Among the lines below, output only those between the line holding "Tonino Utility Jacket in Black - 4" and the line holding "Portadilla de libro", inclusive, exactly as written and with no pictures.

RECORDS:
== == ==

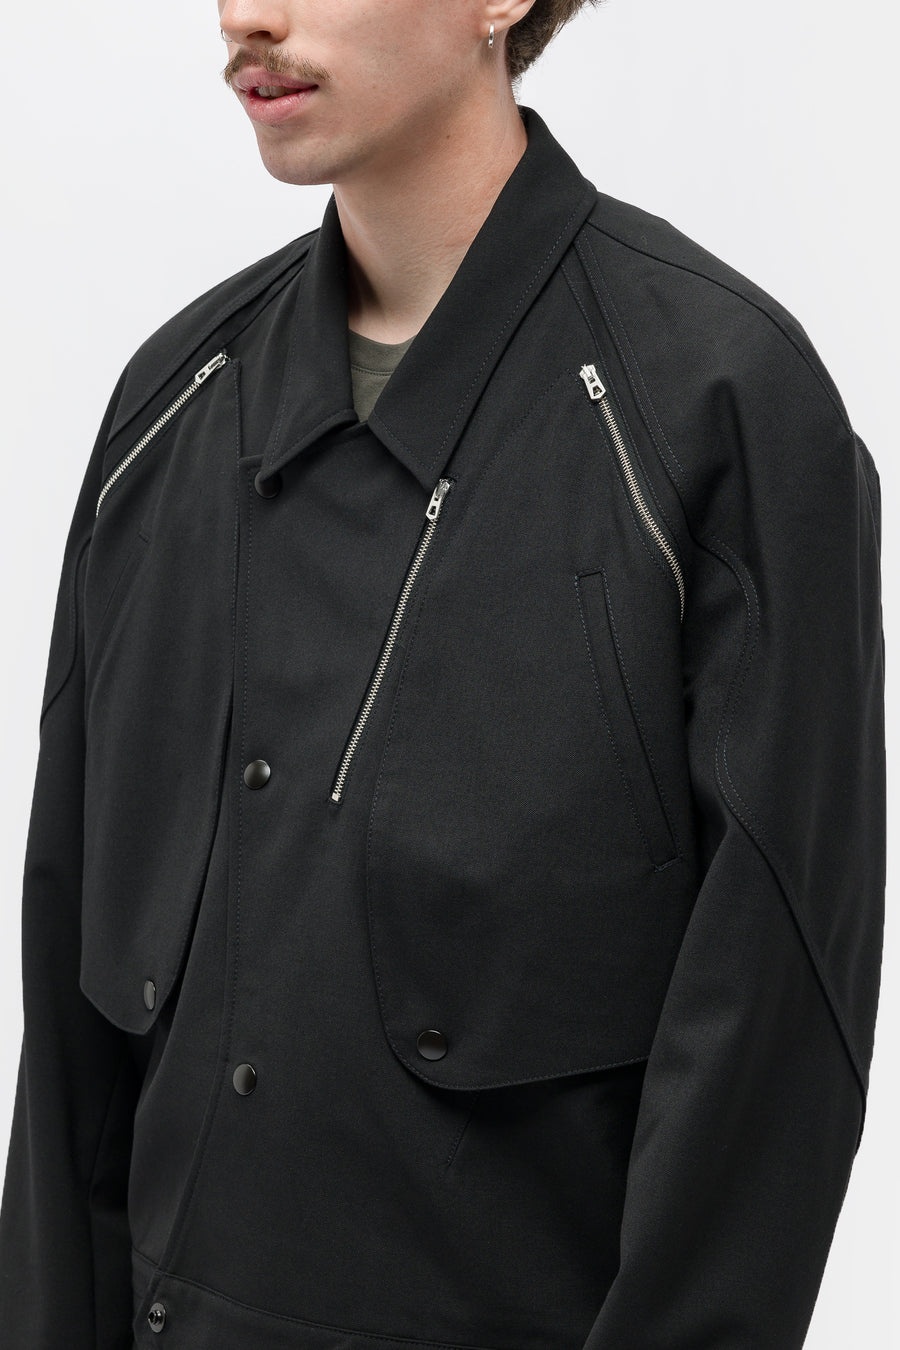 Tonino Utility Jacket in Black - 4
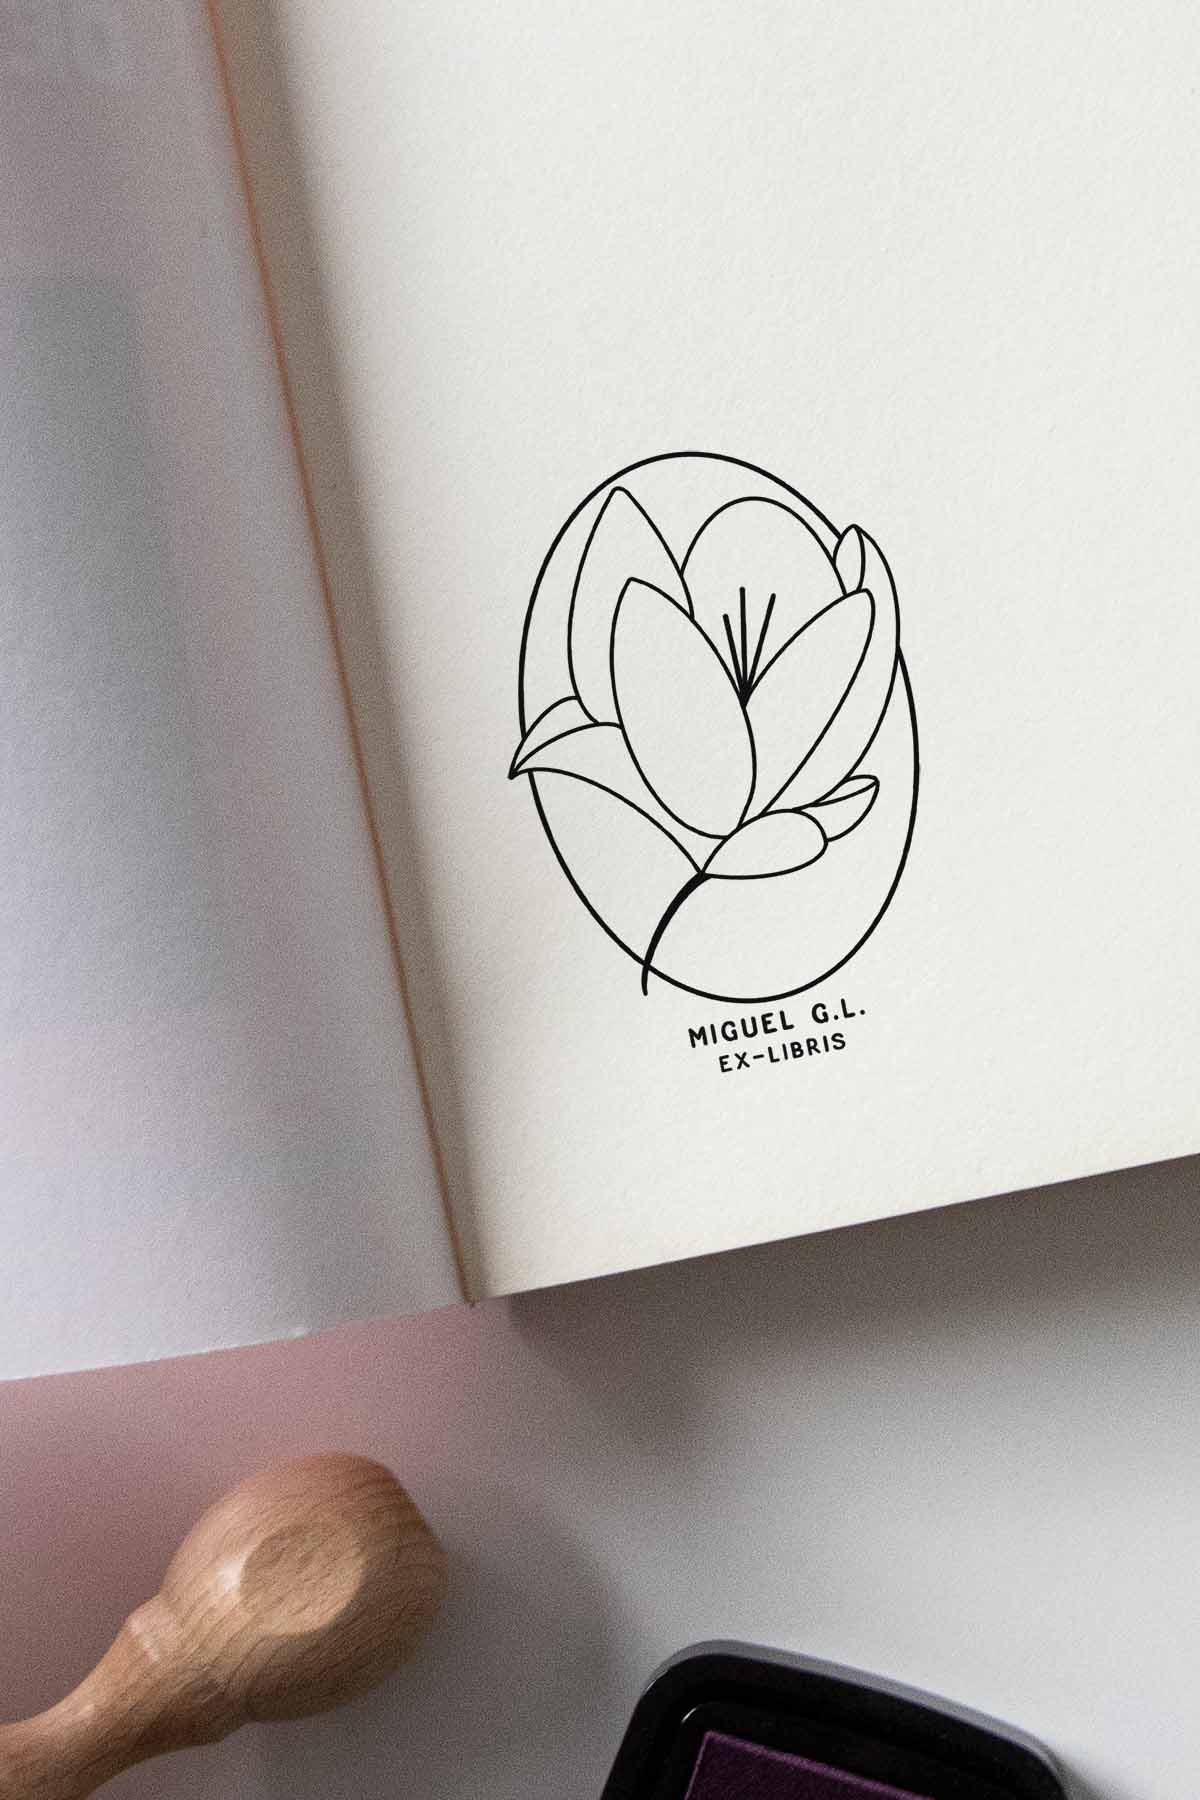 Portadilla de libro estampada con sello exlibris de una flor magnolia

== == ==

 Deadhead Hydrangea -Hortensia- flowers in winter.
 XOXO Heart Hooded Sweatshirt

== == ==

OUTPUT BELOW:
 Tonino Utility Jacket in Black - 4
 Portadilla de libro estampada con sello exlibris de una flor magnolia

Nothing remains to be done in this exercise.